高円宮杯プレミアリーグEAST第17節で、千葉県の強豪校が激突した。流通経済大柏と市立船橋の一戦は、14分に相手のハンドで得たPKをMF鈴木唯人が決め、アウェーの市立船橋が先制する。さらに5分後にも再びPKを鈴木が沈め、2点目を奪取。前半終了間際には流通経済大柏のFW森山一斗に1点を返されるも、後半はリードを守り切り、勝ち点3を獲得した。プレミアリーグEAST同節の他4試合は12月1日に開催される。

上写真=2ゴールの活躍を見せた市立船橋の鈴木唯人(写真◎サッカーマガジン)

■2019年10月5日 高円宮杯プレミアリーグEAST第17節
流通経済大柏 1-2 市立船橋
得点者:(流)森山一斗 (市)鈴木唯人2

エースの決意。
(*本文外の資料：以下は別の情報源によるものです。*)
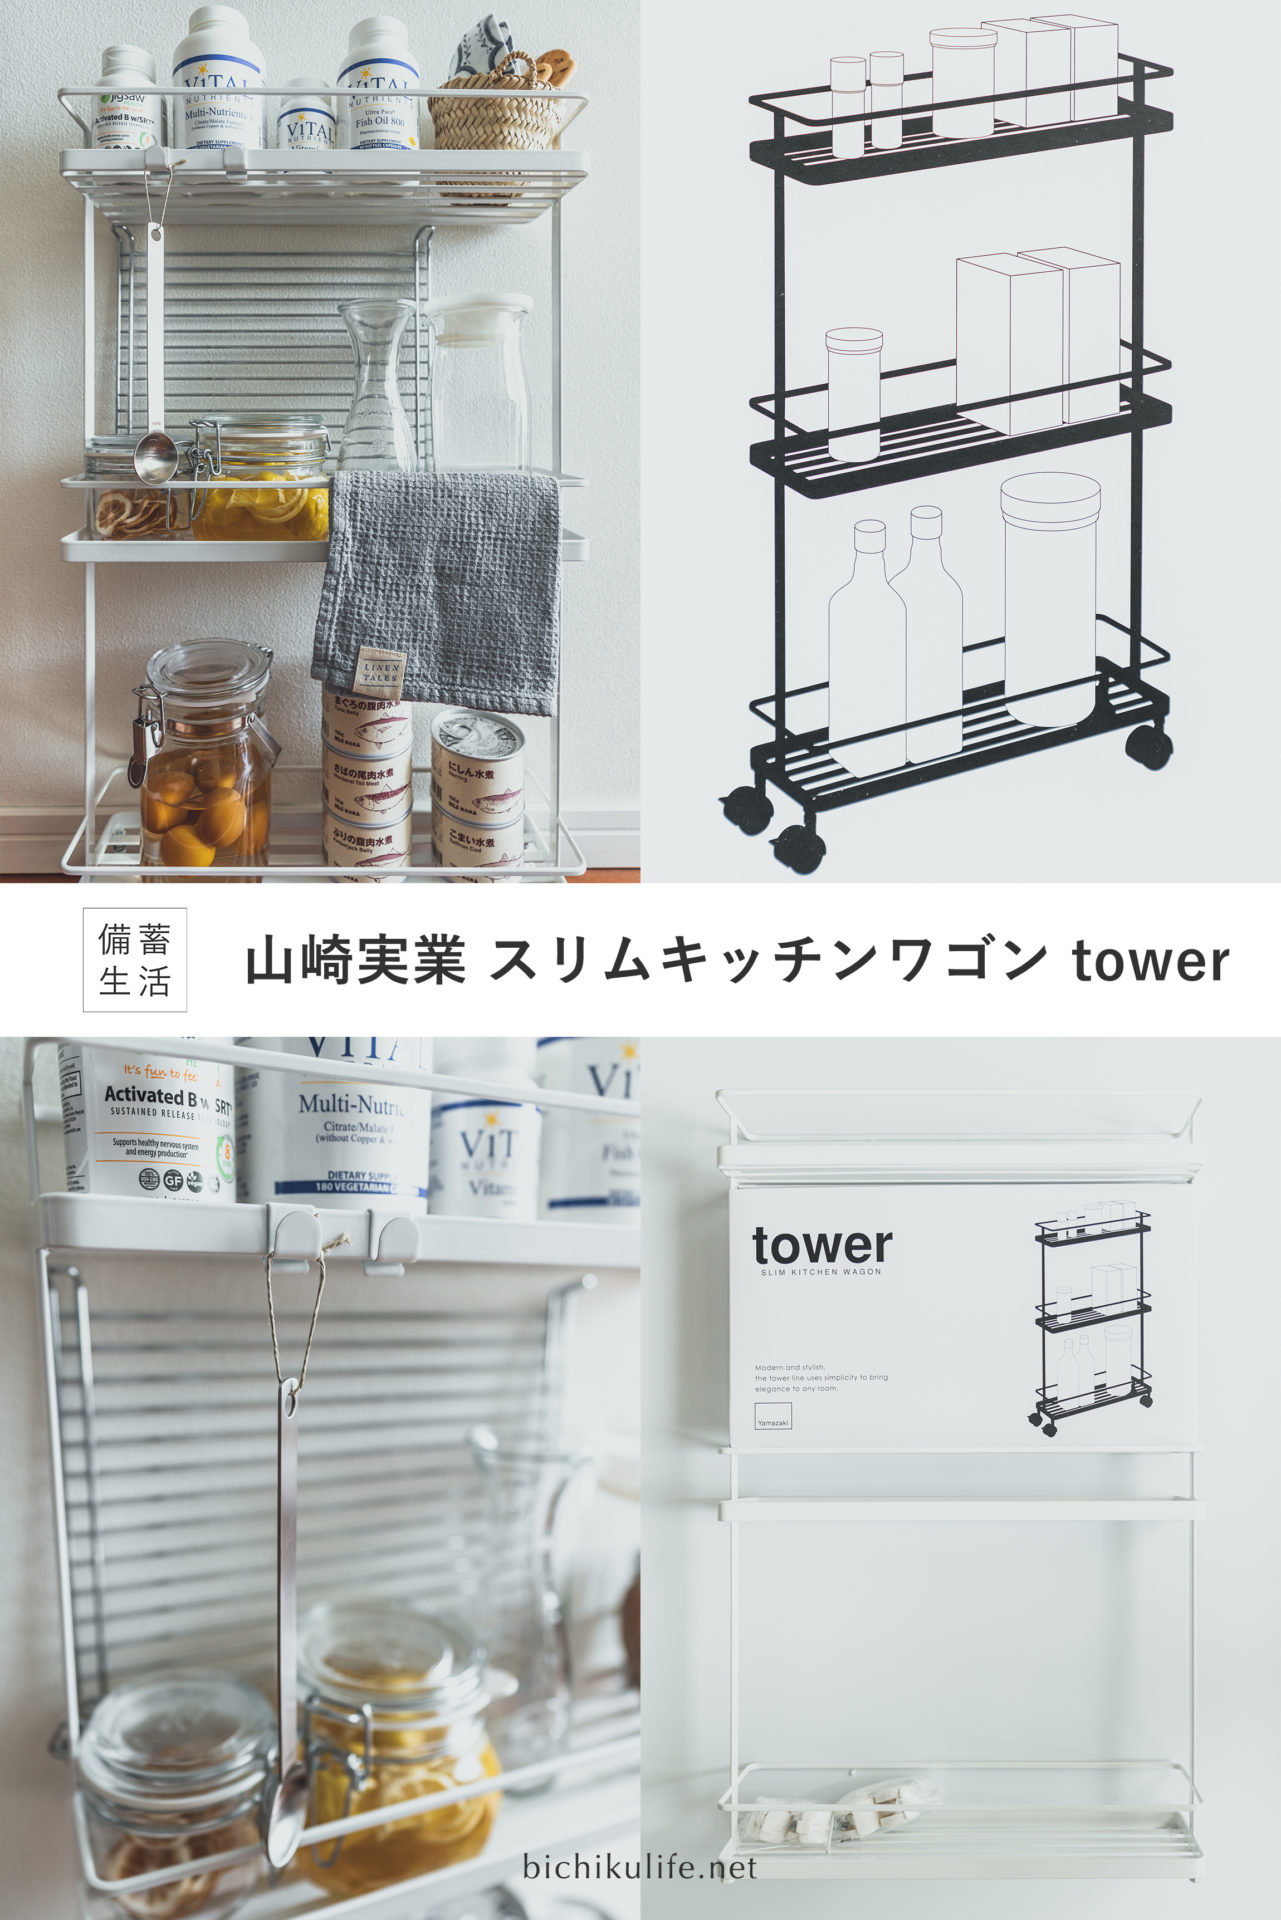 山崎実業のキッチン収納 スリムキッチンワゴン tower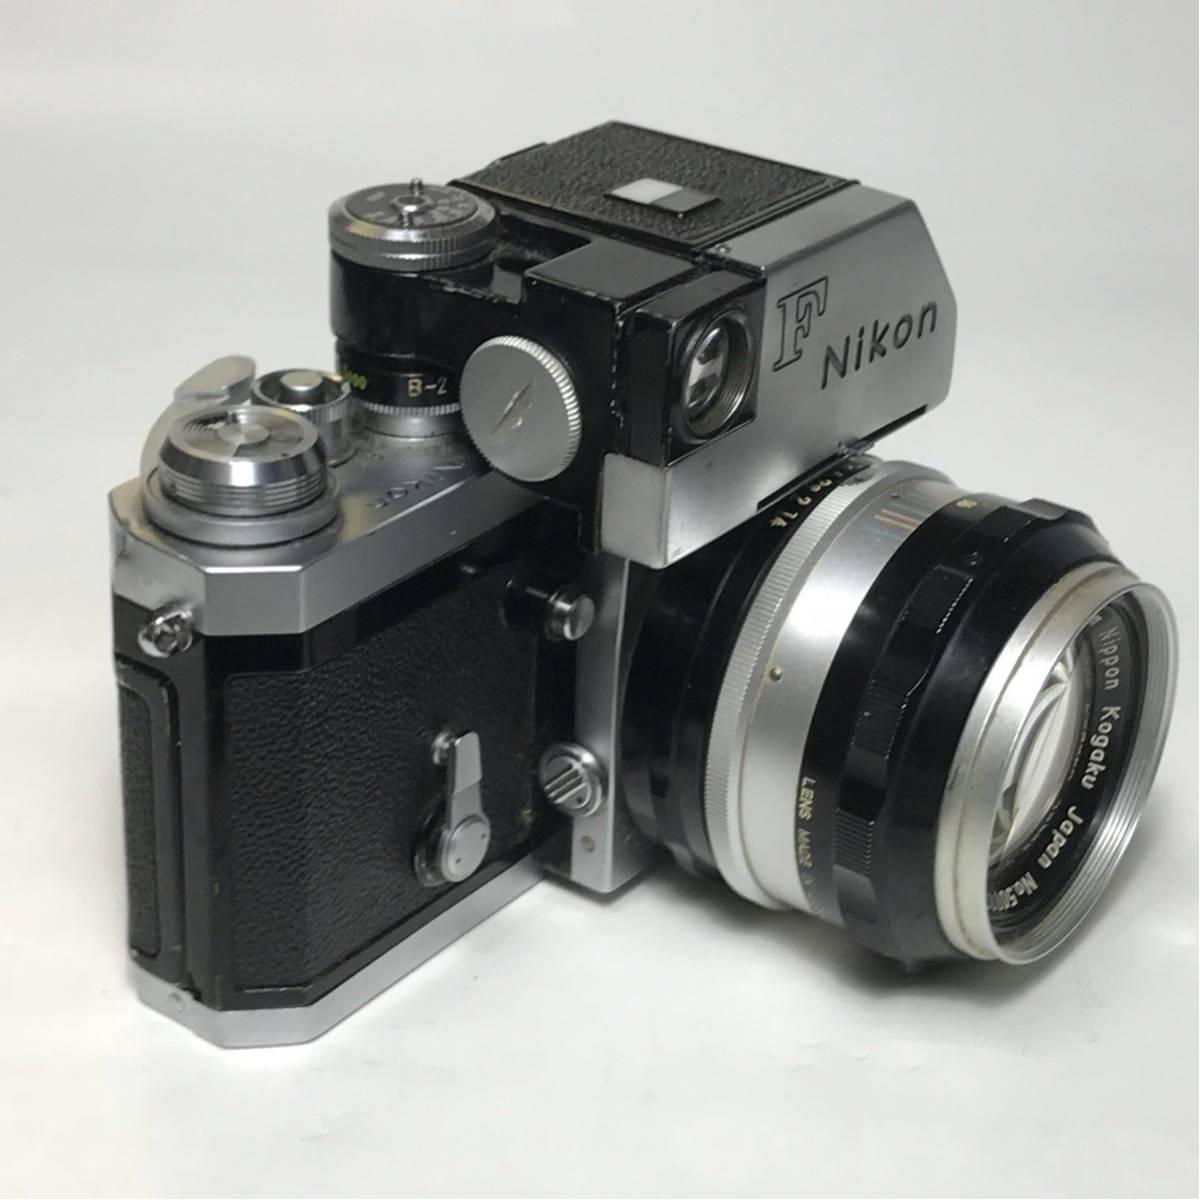 Nikon F Photomic FTN /ニコン F 外部測光式フォトミックファインダー SLR FILM CAMERA with/Nikkor 1.4 50㎜【c/n7065523】_画像5

「星を増やせるように」

 市立船橋のMF鈴木唯人が、同じ千葉県のライバル校を相手に存在感を放った。14分、FW松谷昂輝のクロスから放ったヘディングシュートが相手DFの手に当たりPKを獲得。背番号10はペナルティースポットにボールをセットすると、右足で冷静にゴールへ沈め、先制点をもたらした。さらに、5分後にも味方選手が倒されて得たPKで2点目を奪い、流通経済大柏撃破の立役者となった。

「個人的にはずっと得点を取れていなくて、チームに迷惑をかけていた。PKという形ですけれど、結果的に2点決めて、勝利につなげられてうれしいです」

 エースの2ゴールにより、9月22日の第14節尚志戦(○3-0)に続いて2連勝を飾り、勝ち点を「18」に伸ばした。順位も6位に浮上し、勝ち点「20」の5位流通経済大柏に迫った。

 高円宮杯プレミアリーグEASTで勝ち点3を積み上げたことに加え、約1カ月半後に控える“冬の風物詩”全国高校選手権の千葉県予選を前に、全国への切符を争うライバルを破った意味は大きい。

「3年間、自分が(市立船橋で)やってきた中で流経大柏には勝てていなかった。ここでも負けていたら、自分たちはずっと負け続けているイメージもあるし、相手は選手権予選でも『余裕だろう』と思うかもしれない。だから、選手権前のこの試合を絶対に落とせないことはチーム全員で分かっていたので、本当に良かった」と、鈴木はこの勝利の価値を強調する。

 今予選で準決勝(11月27日)から登場する市立船橋は、勝ち上がれば11月30日の決勝で流通経済大柏と全国への切符を争う可能性もある。言わば、この試合は選手権県予選の“前哨戦”ともなり得る一戦だった。

 鈴木が市立船橋に入学してからの過去2年は県予選決勝で流通経済大柏に敗れて涙をのんだだけに、“高校最後の冬”でのリベンジに燃える。

「(市立船橋の)このメンバーはみんな、選手権に出たい思いを持ってここに来た。もちろん、自分もそうです。選手権に出られないまま(高校生活が)終わることは絶対に嫌だ。それはみんなも同じ気持ちなので、ここからの期間がより大事になってくる」

 千葉県は流通経済大柏の他にも、インターハイ出場の日体大柏や、6月の関東大会を戦った中央学院、専大松戸、さらには八千代などの強豪校がひしめく。そんな全国屈指の激戦区を勝ち抜き、“三度目の正直”で自身初の選手権出場へ。そして、その先にある全国の頂点を見据え、伝統のユニフォームの胸部に視線を移す。